Reimplementing LINQ to Objects: Part 4 – Range

This will be a short post, and there’ll probably be some more short ones coming up too. I think it makes sense to only cover multiple operators in a single post where they’re really similar. (Count and LongCount spring to mind.) I’m in your hands though – if you would prefer "chunkier" posts, please say so in the comments.

This post will deal with the Range generation operator.

What is it?

Range only has a single signature:

public static IEnumerable<int> Range(
    int start,
    int count)

Unlike most of LINQ, this isn’t an extension method – it’s a plain old static method. It returns an iterable object which will yield "count" integers, starting from "start" and incrementing each time – so a call to Enumerable.Range(6, 3) would yield 6, then 7, then 8.

As it doesn’t operate on an input sequence, there’s no sense in which it could stream or buffer its input, but:

  • The arguments need to be validated eagerly; the count can’t be negative, and it can’t be such that any element of the range could overflow Int32.
  • The values will be yielded lazily – Range should be cheap, rather than creating (say) an array of "count" elements and returning that.

How are we going to test it?

Testing a plain static method brings us a new challenge in terms of switching between the "normal" LINQ implementation and the Edulinq one. This is an artefact of the namespaces I’m using – the tests are in Edulinq.Tests, and the implementation is in Edulinq. "Parent" namespaces are always considered when the compiler tries to find a type, and they take priority over anything in using directives – even a using directive which tries to explicitly alias a type name.

The (slightly ugly) solution to this that I’ve chosen is to include a using directive to create an alias which couldn’t otherwise be resolved – in this case, RangeClass. The using directive will either alias RangeClass to System.Linq.Enumerable or Edulinq.Enumerable. The tests then all use RangeClass.Range. I’ve also changed how I’m switching between implementations – I now have two project configurations, one of which defines the NORMAL_LINQ preprocessor symbol, and the other of which doesn’t. The RangeTest class therefore contains:

#if NORMAL_LINQ
using RangeClass = System.Linq.Enumerable;
#else
using RangeClass = Edulinq.Enumerable;
#endif

There are alternatives to this approach, of course:

  • I could move the tests to a different namespace
  • I could make the project references depend on the configuration… so the "Normal LINQ" configuration wouldn’t reference the Edulinq implementation project, and the "Edulinq implementation" configuration wouldn’t reference System.Core. I could then just use Enumerable.Range with an appropriate using directive for System.Linq conditional on the NORMAL_LINQ preprocessor directive, as per the other tests.

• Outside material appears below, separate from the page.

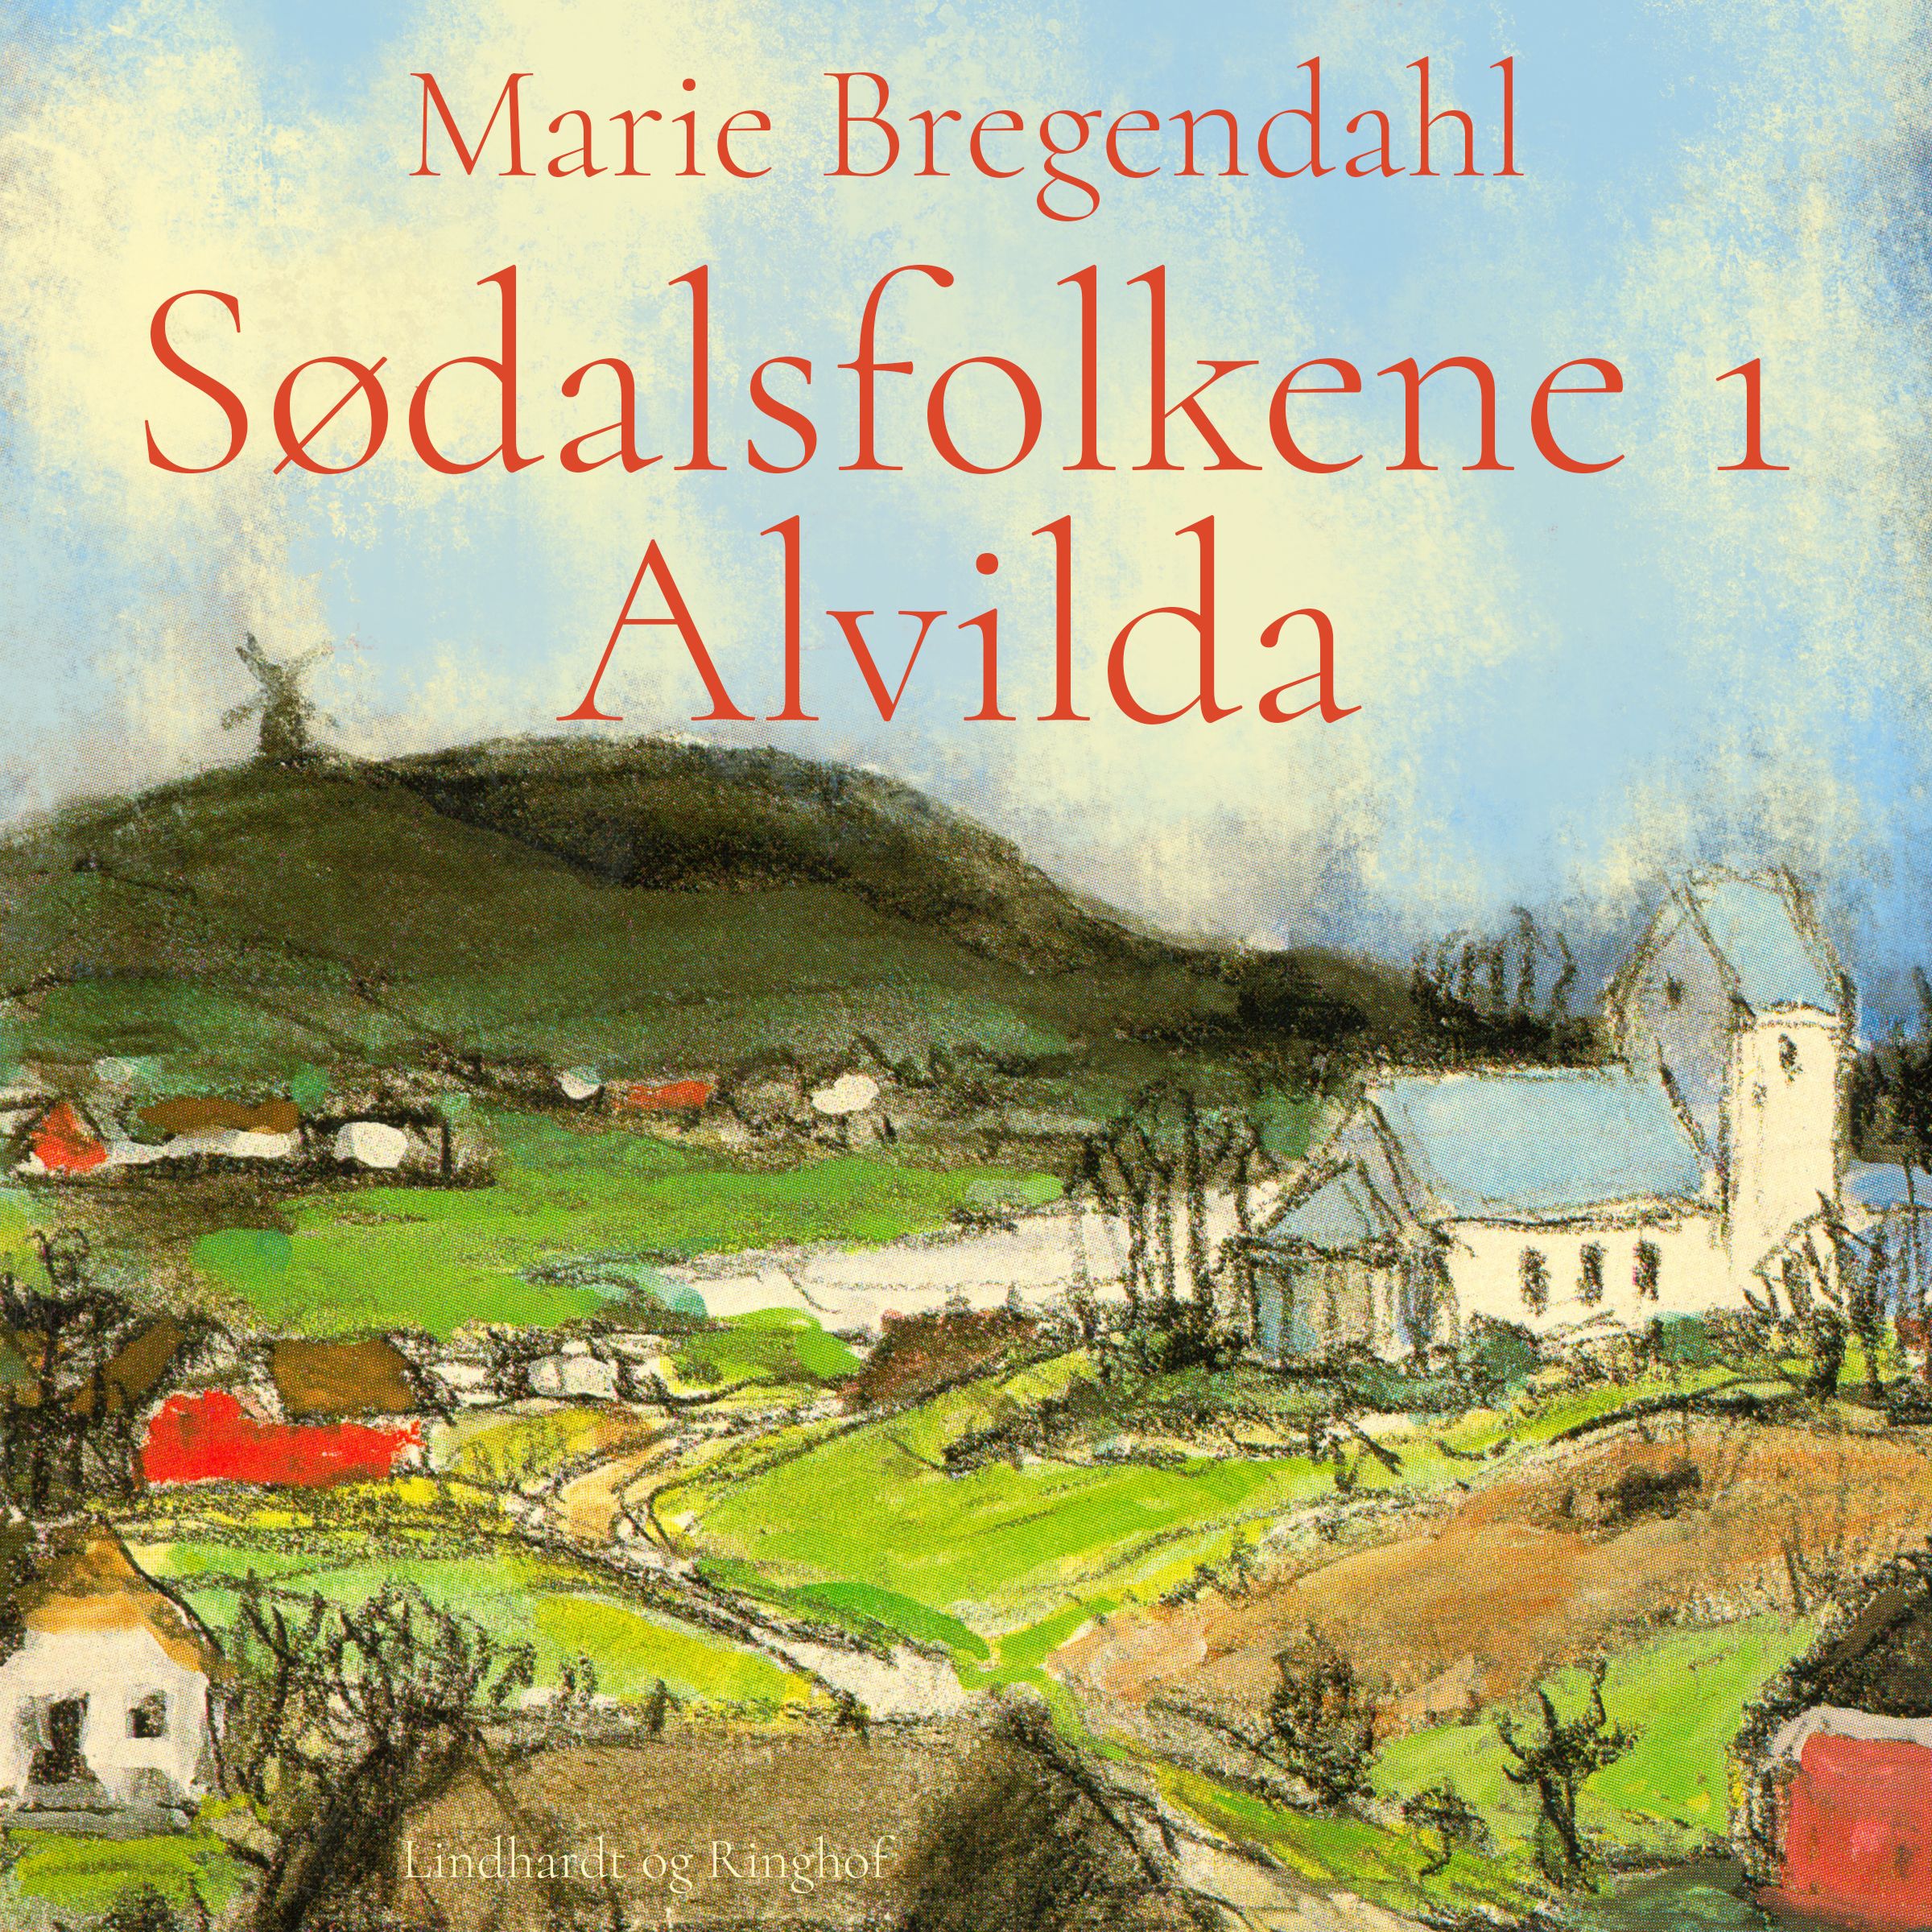 Sødalsfolkene - Alvilda, lydbog af Marie Bregendahl

I like the idea of the second approach, but it means manually tinkering with the test project file – Visual Studio doesn’t expose any way of conditionally including a reference. I may do this at a later date… thoughts welcome.

What are we going to test?

There isn’t much we can really test for ranges – I only have eight tests, none of which are particularly exciting:

  • A simple valid range should look right when tested with AssertSequenceEqual
  • The start value should be allowed to be negative
  • Range(Int32.MinValue, 0) is an empty range
  • Range(Int32.MaxValue, 1) yields just Int32.MaxValue
  • The count can’t be negative
  • The count can be zero
  • start+count-1 can’t exceed Int32.MaxValue (so Range(Int32.MaxValue, 2) isn’t valid)
  • start+count-1 can be Int32.MaxValue (so Range(Int32.MaxValue, 1) is valid)

The last two are tested with a few different examples each – a large start and a small count, a small start and a large count, and "fairly large" values for both start and count.

Note that I don’t have any tests for lazy evaluation – while I could test that the returned value doesn’t implement any of the other collection interfaces, it would be a little odd to do so. On the other hand, we do have tests which have an enormous count – such that anything which really tried to allocate a collection of that size would almost certainly fail…

Let’s implement it!

It will surely be no surprise by now that we’re going to use a split implementation, with a public method which performs argument validation eagerly and then uses a private method with an iterator block to perform the actual iteration.

Having validated the arguments, we know that we’ll never overflow the bounds of Int32, so we can be pretty casual in the main part of the implementation.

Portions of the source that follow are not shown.